ISSUED: 19 March 2015
MEDIA CONTACT: Valerie Owens

SHEPHERDSTOWN, WV — “The Cost of Our Cheap Clothes” is the title of an upcoming panel discussion at Shepherd University sponsored by the Journalism and Women’s Studies programs. The discussion will take place Monday, March 30, at 4 p.m. in the Student Center Rumsey Room.

Joyce Barrett, adjunct journalism instructor and advisor to the student newspaper “The Picket,” and Dr. Aart Holtslag, assistant professor of political science, will talk about clothing that is manufactured in Asia for American markets.

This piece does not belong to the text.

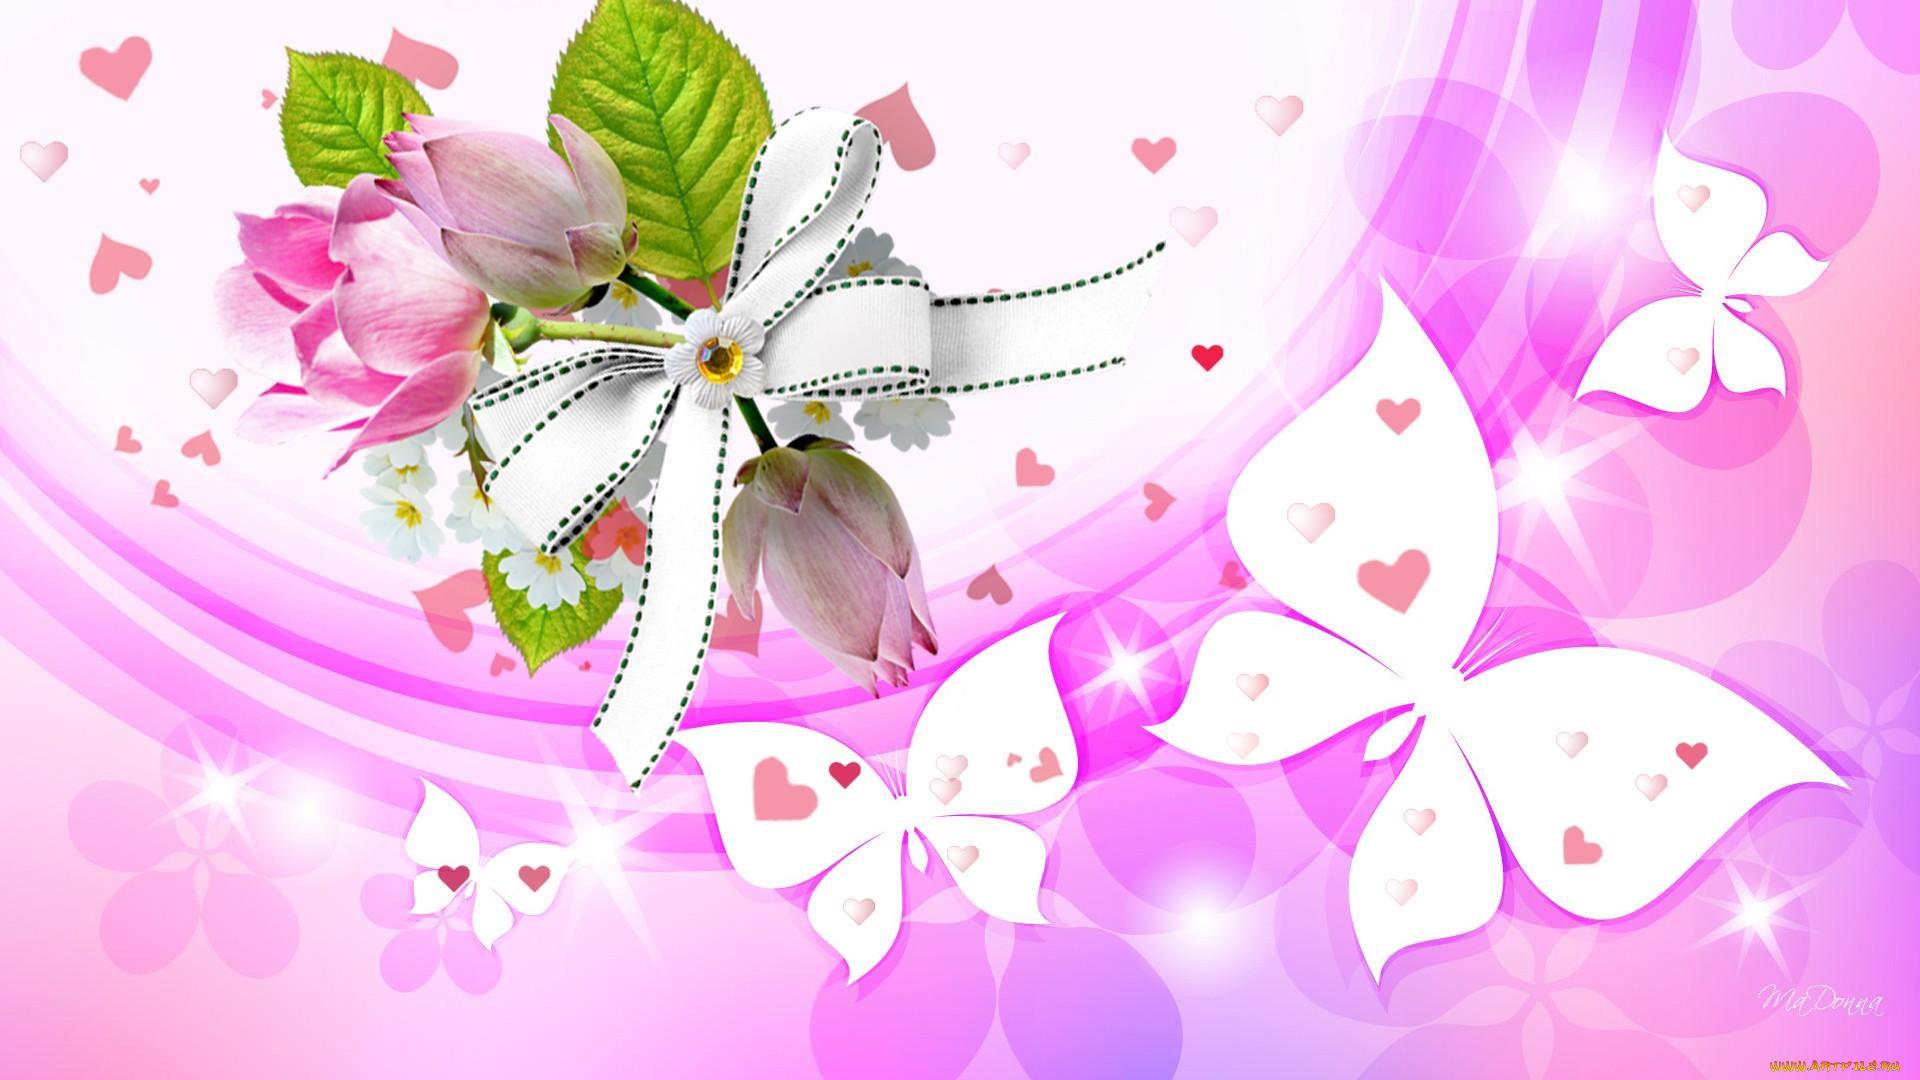 Именам днем, открытки с бантиками и цветами

Barrett has written about the global garment industry for more than 25 years for “Women’s Wear Daily,” a trade publication based in New York City. She has toured factories in Peru, Thailand, Mauritius, Vietnam, and most recently Burma.

Barrett points out at that one point in U.S. history the textile and apparel industries moved to the American south to escape higher wages in the Northeast. Now the industry chases low wages throughout the world’s economies to keep prices low and meet consumer demand.

“The American market for apparel is one of the biggest in the world,” Barrett said. “Manufacturers seek to meet demands for inexpensive products while protecting their reputations by trying to avoid sweat-shop conditions and abusive labor practices. While those things still exist, the industry is increasingly sensitized to the public’s awareness of social welfare.”

Holtslag’s specialty is in international relations and he teaches classes on the international political economy, the international politics of development, and international human rights.¬†Before earning his Ph.D. in international relations, he was a freelance human rights lawyer working for several nongovernmental organizations throughout the world.

“I am planning to address all three issues with regard to the Myanmar clothing issue,” Holtslag said. “In my talk I will specifically address the role the Myanmar clothing industry plays in the world economy, how textiles are the first part of industrialization in the process of development, and the working conditions of the textile industries in the context of international human rights law.”